Camp Clark hosts Army 10-Miler satellite run

Combined Joint Task Force 101
Story by Staff Sgt. Ben Navratil

Date: 09.03.2011
Posted: 09.03.2011 21:32
News ID: 76401
Camp Clark hosts Army 10-Miler satellite run

KHOWST PROVINCE, Afghanistan – Camp Clark played host to an officially sanctioned satellite run of the Army 10-Miler Sep. 2.

The 10-mile footrace was open to all soldiers attached to the 3rd Brigade Combat Team, 1st Infantry Division, Task Force Duke, whose 6th Squadron, 4th Cavalry Regiment, is headquartered at Camp Clark.

But running the four laps was only half the work for the team that organized the event.

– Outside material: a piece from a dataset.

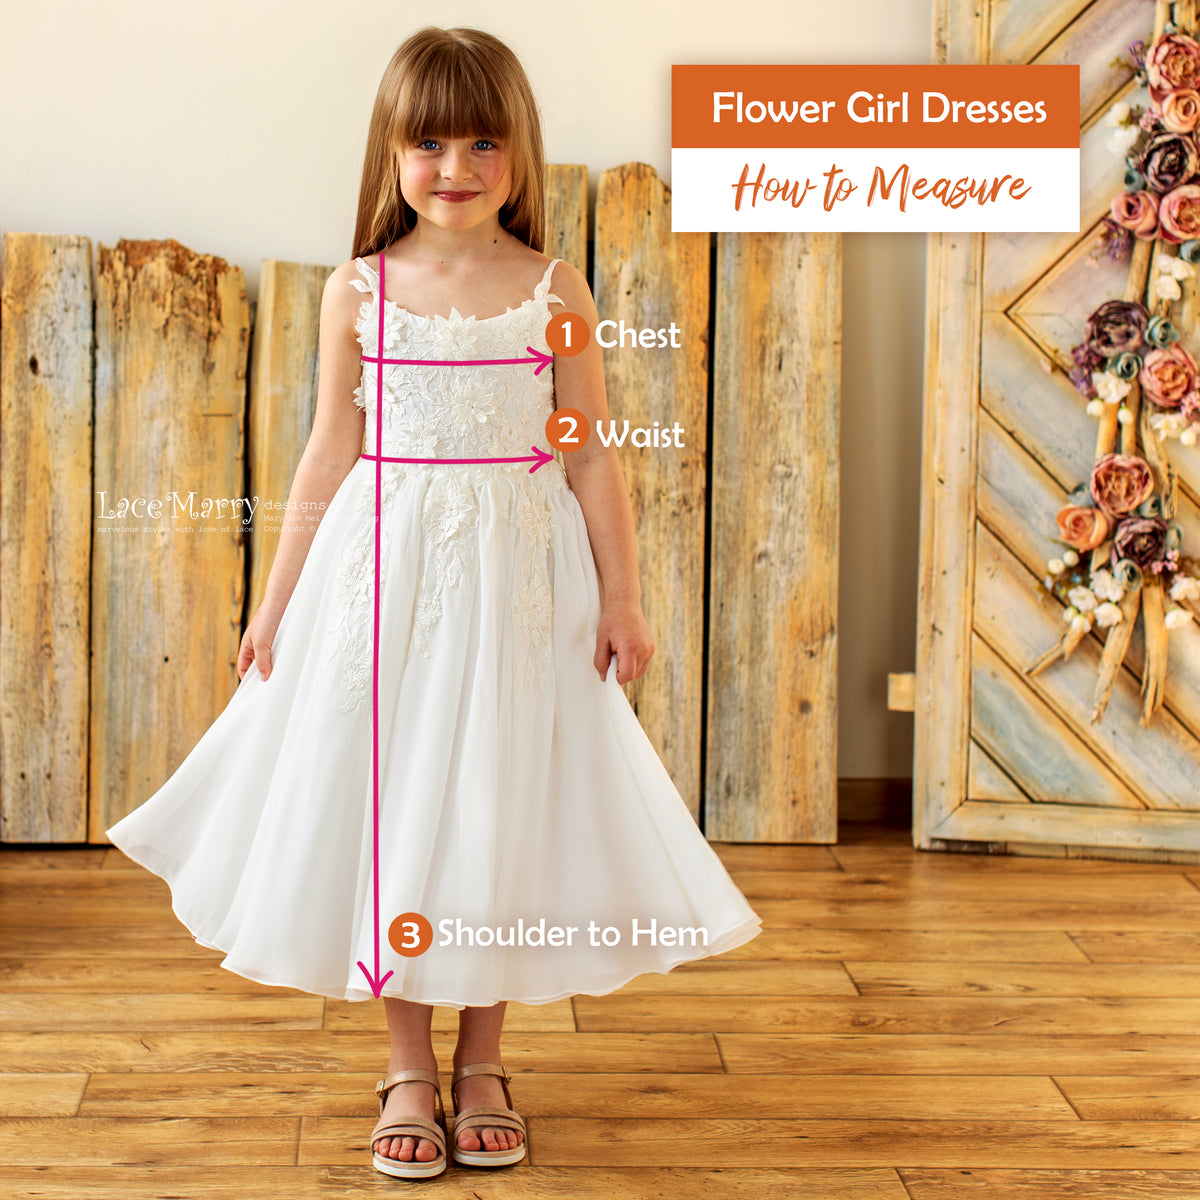 How to Measure a Flower Girl Dress

“[Organizing] a race of this magnitude is very tricky,” said U.S. Army 1st Lt. John Whitaker, a Salt Lake City native and medical platoon leader for Headquarters, Headquarters Troop, 6th Sqdn., 4th Cav. Regt., who assisted in setting up the event. “You have to balance it against the ongoing operations, which take precedence.”

The date of the race actually had to be moved up at the last minute from a later date in September, due to operational considerations.

This did nothing to lessen the interest of the participants, said Whitaker, who had to limit the amount of personnel coming from Camp Clark, in order to be able accommodate them on the track and during the required overnight stay.

“A lot of people are interested in running; not just because it’s a great race, but because it’s the Army 10-Miler, and it’s got that prestige behind it,” said Whitaker.

That prestige would have been lacking, though, without the help of U.S. Army Lt. Col. (Dr.) Timothy Haley from Weston, Mass, and 6th Sqdn., 4th Cav. Regt.’s squadron surgeon. He wanted to do something bigger than the typical, shorter “fun-runs” that are often held downrange.

“We’ve done some smaller 5K races, but nothing on this scale. I think this is probably the first (race of this size) in this area,” said Haley.

He reached out to the organizers of the official Army 10-Miler, an annual event held in Washington, who offered him the opportunity to hold an official satellite event in Afghanistan.

He said Camp Clark was selected due to the heavy interest shown, and because it had a good facility to run the race, on a two-and-a-half mile track on the adjacent Afghan National Army compound, Camp Parsa.

More than 100 soldiers from all over TF Duke’s area of operations, which covers Khowst and Paktya Provinces in eastern Afghanistan, participated in the race, which began at dawn.

As they charged around the track, the runners were watched over by a team of OH-58D Kiowa helicopters.

Video and photos taken at the Camp Clark event will be shown on the video monitors at the 27th annual Army 10-Miler, which will be held on Oct. 9.

“It was great,” said Whitaker, after finishing the run. “We had (helicopters) flying around over head buzzing the racers, and halfway through the race they [test-fired] rockets.”